TASK DIRECTIONS ->
Please report every line of the listing below that has the word "glass" in it.
***** DATASET EXTRACT
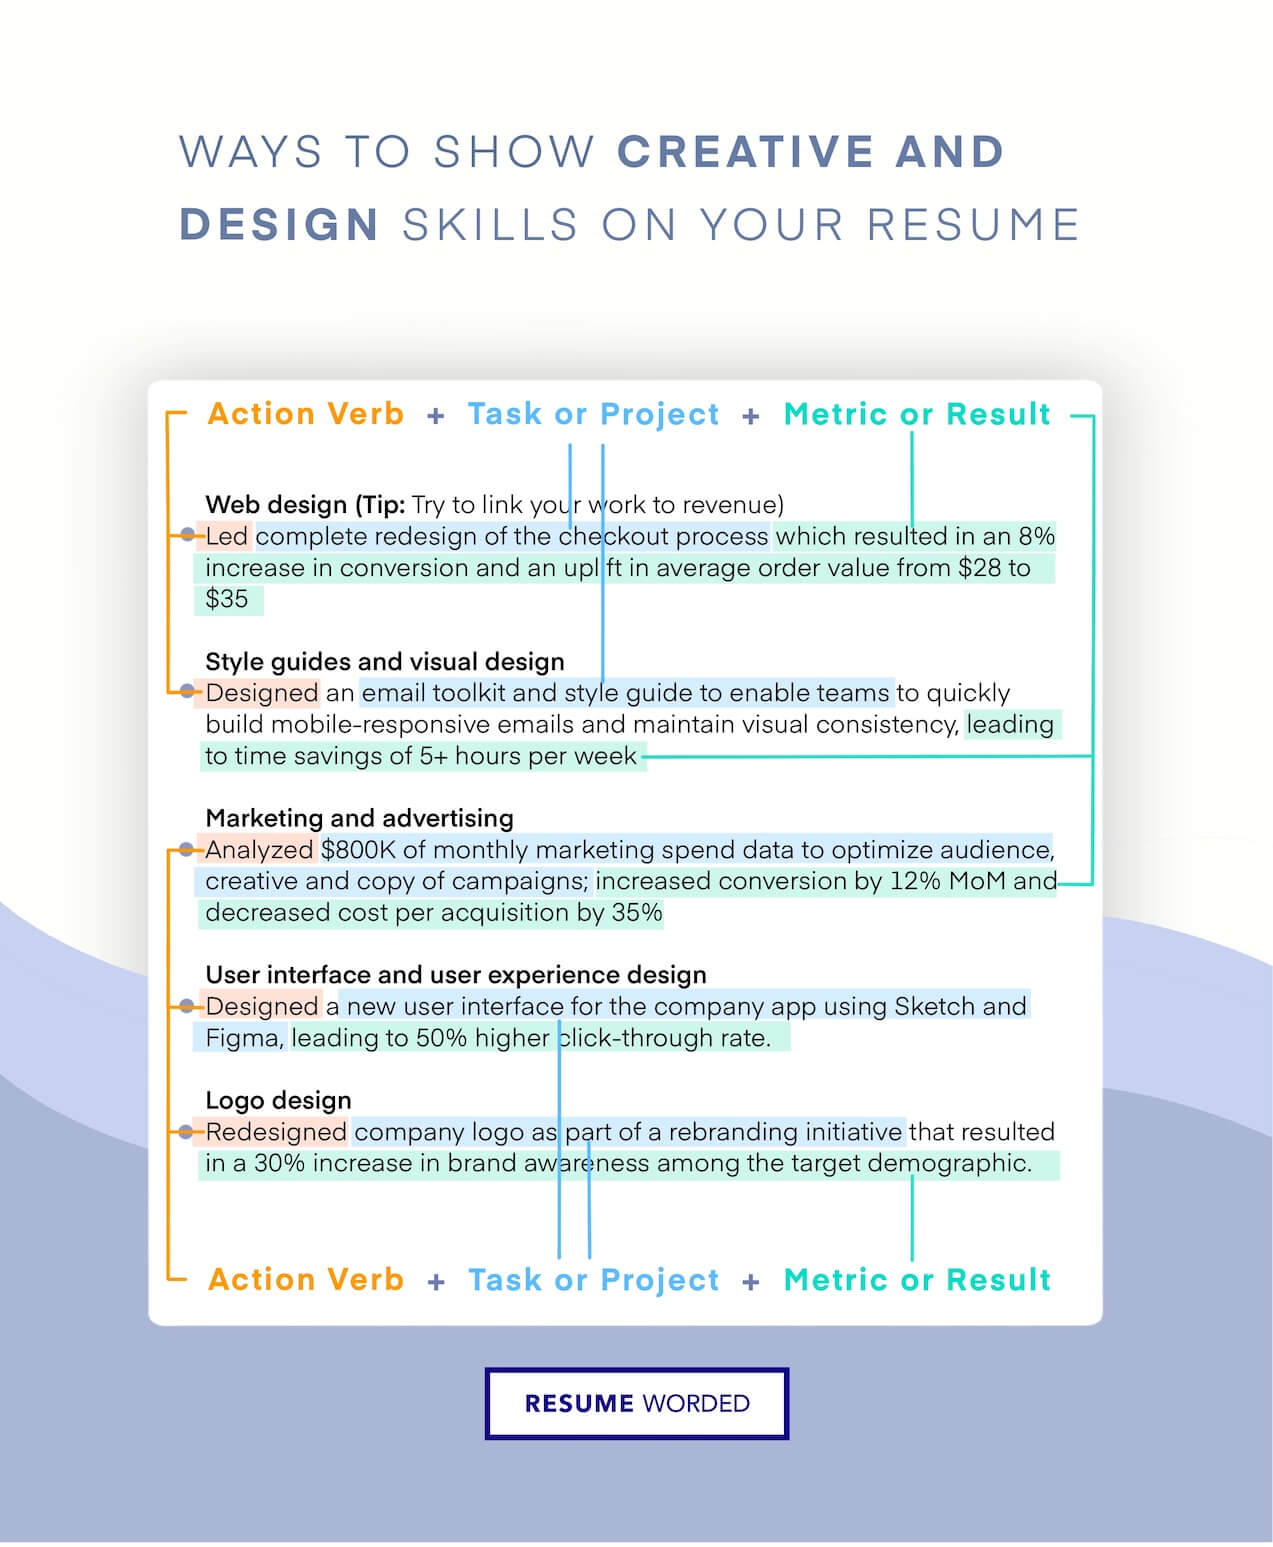 Demonstrate your ability to create innovative designs to land the role of electrical design engineer - Electrical Design Engineer Resume
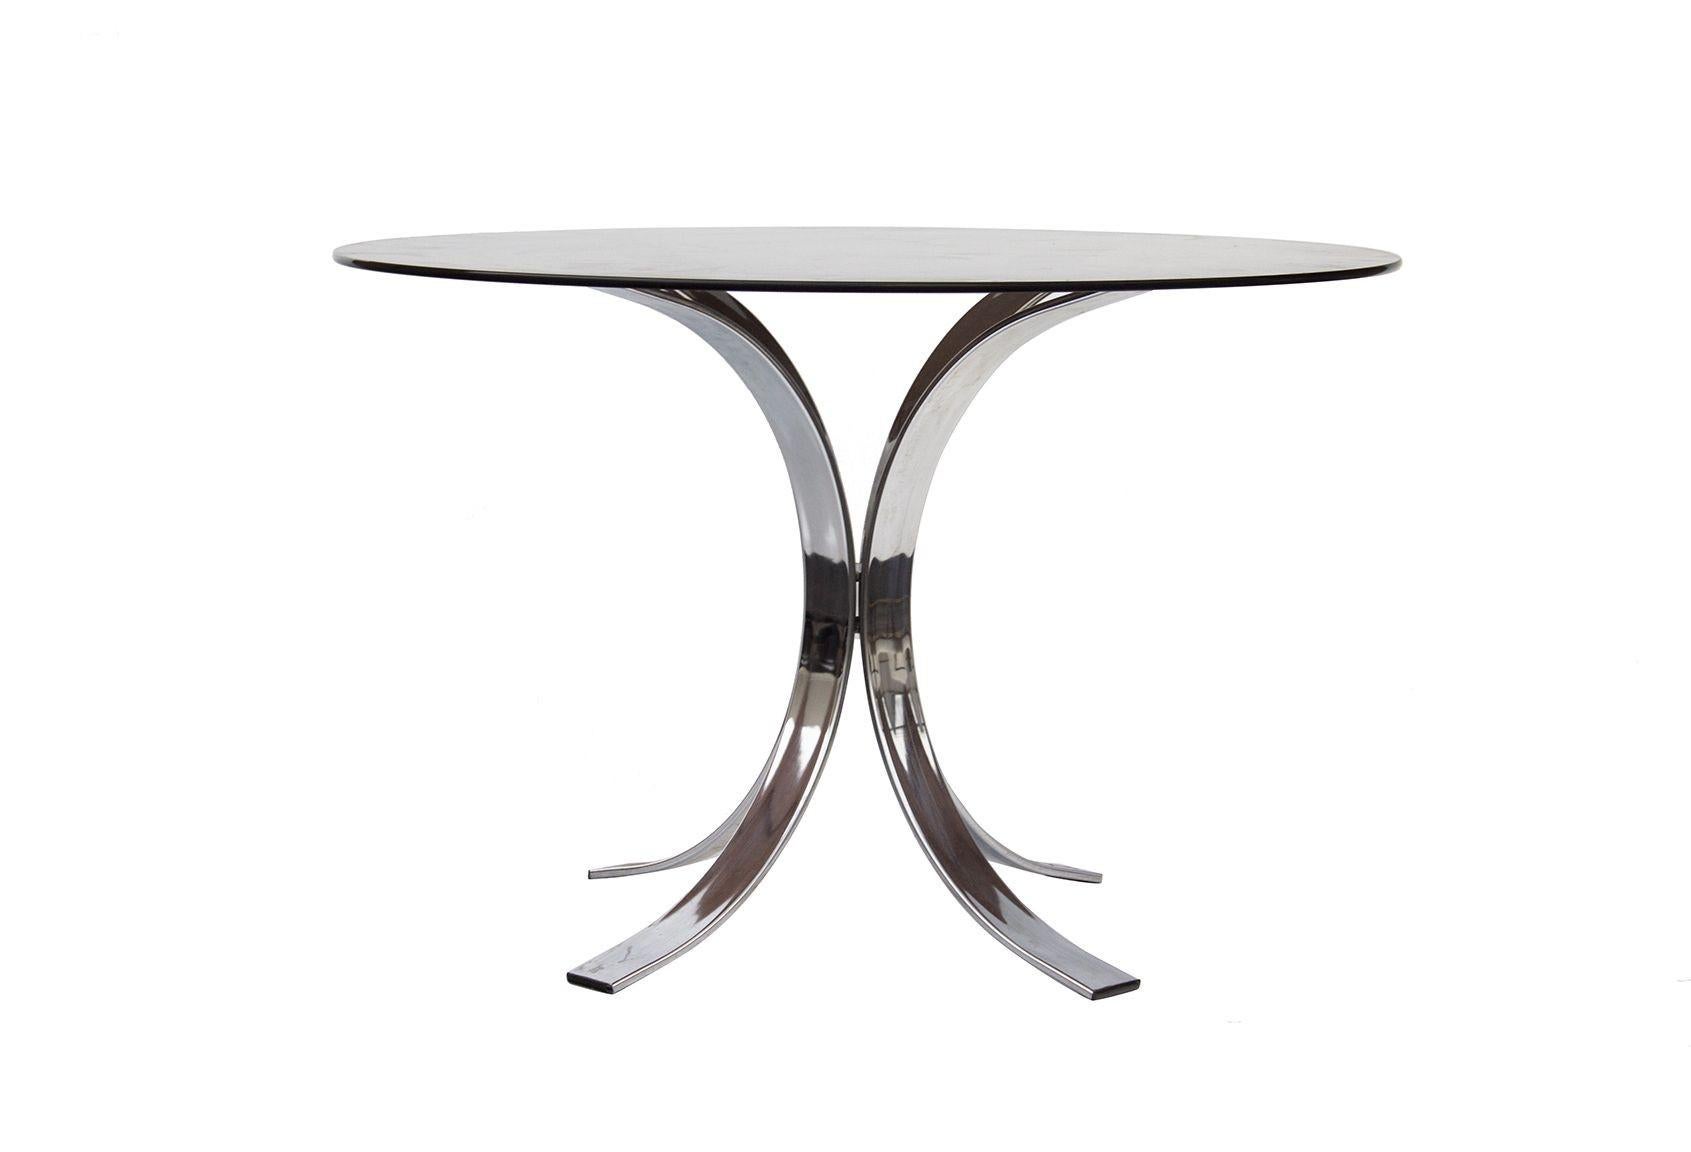 USA, 1970s
 
Chrome and glass dining table designed by Osvaldo Borsani for Stow & Davis. 
 
Condition notes: In very good vintage condition. Fine surface scratches to the smoked glass top. Fine marks to the base. Presents very well.
**********
SOLUTION TO THIS EXERCISE ->
Chrome and glass dining table designed by Osvaldo Borsani for Stow & Davis. 
Condition notes: In very good vintage condition. Fine surface scratches to the smoked glass top. Fine marks to the base. Presents very well.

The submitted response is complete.